第3話では、同僚が売りあぐねていた外国人向けマンションを、視点を変えて大家族向けにSNSで販促する手法で三軒家チーフが売る。そして売り上げの成果を担当2名と三軒家チーフとで3等分しようと提案する課長に対し、三軒家チーフはあっさり「売ったのは私です」と自分だけの成果だと主張する。3物件の売り出しに際し、課長はそれぞれの物件に担当者を割り振り、三軒家チーフにはそのすべてのサポートに回るように指示するのだが、三軒家チーフは全て自分が売ると主張する。
仲村トオル演じる課長の考えることはごく常識的なことで、私がこの課長の立場でも同じ指示を出すであろう。そしてその指示に従わず、ただひたすら個人で家を売る三軒家の存在は、「仕事はできるが厄介な存在」であることは間違いない。こういう部下を持ったらどうすればいいのだろうか。「厄介だ」と頭を抱えているだけでは、「使えない上司」のレッテルを貼られてしまう。
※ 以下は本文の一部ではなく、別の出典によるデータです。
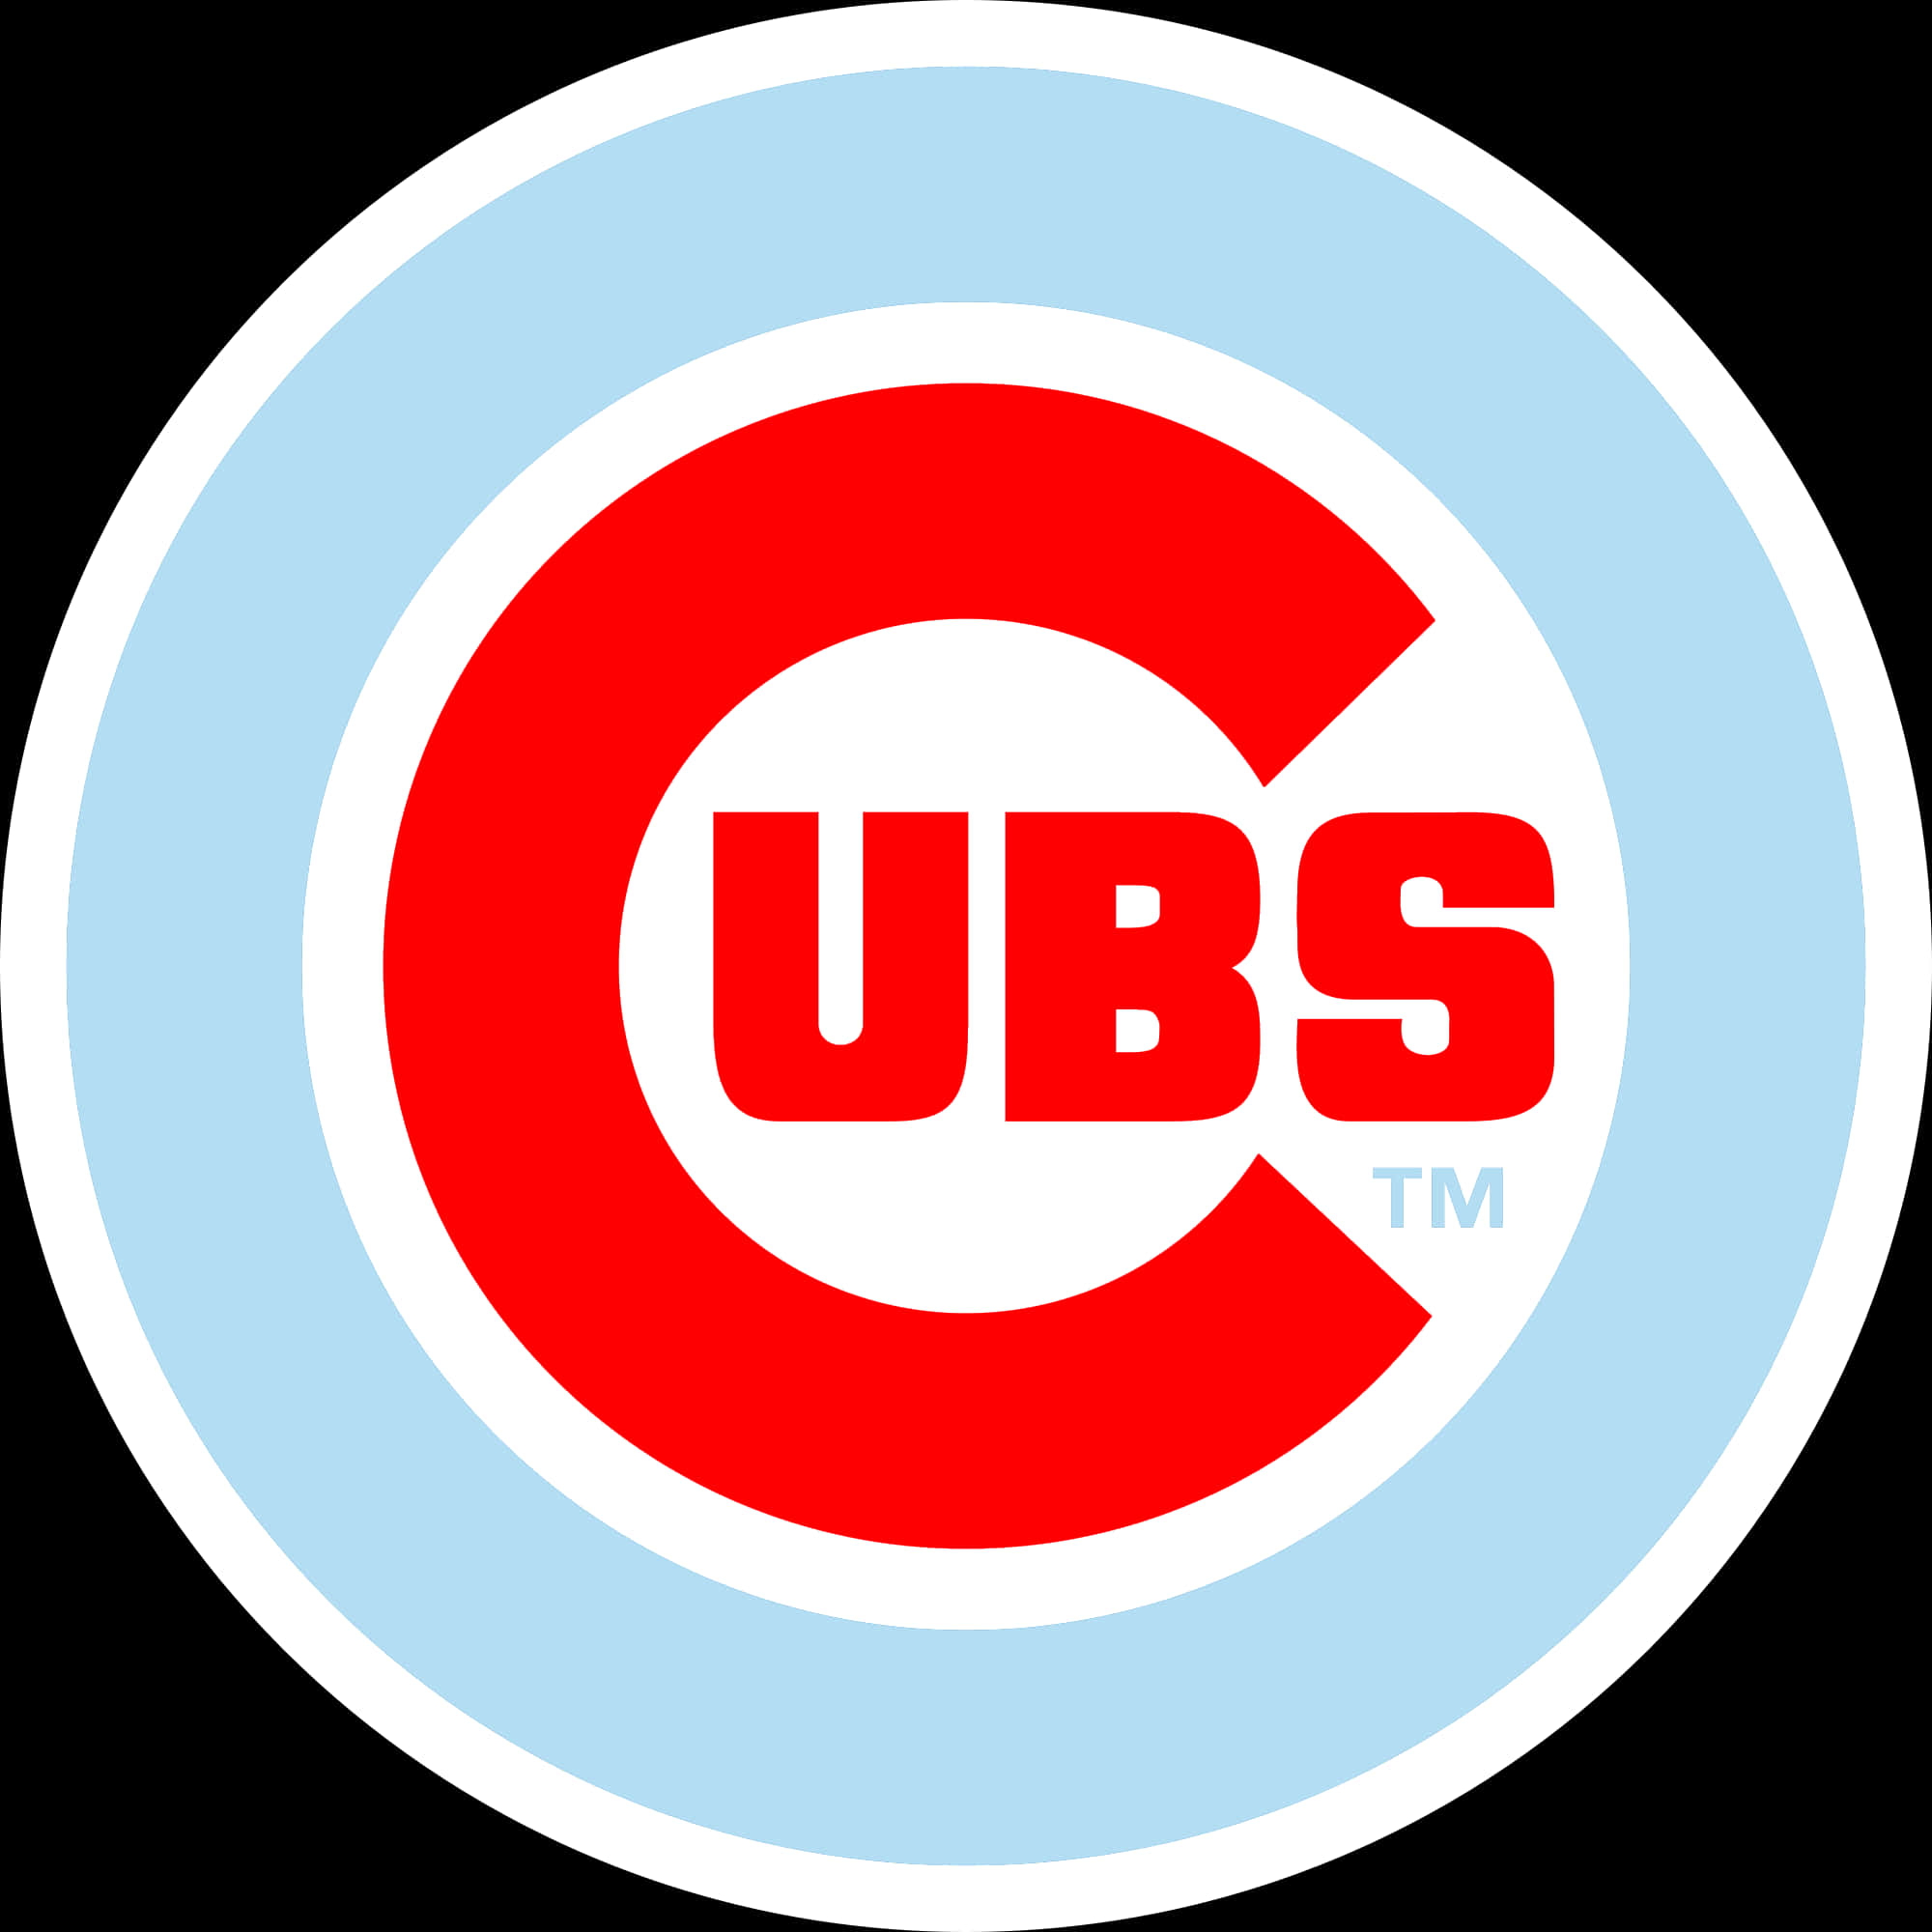 Chicago Cubs Logo PNG image

私が課長だったら、「評価方法を変える」ことで解決を図るだろう。
私が課長だったら、「評価方法を変える」ことで解決を図るだろう。
この会社では、各人の成績は各人が稼いだ「仲介手数料の合計額」で表しているようである。すなわち、家を売った場合、その売買価格によって仲介手数料が得られるが、自分が売った家の仲介手数料を成績としているのである。つまり、各人の成績(多分これで賞与の額とか昇格とかが左右されるわけである)がこのように評価される以上、三軒家チーフの行動は理にかなっているわけであり、部下の教育を一生懸命やってもボーナスは上がらない。これだといくら課長が「チームプレー」を説いても、従わせるのは難しいだろう。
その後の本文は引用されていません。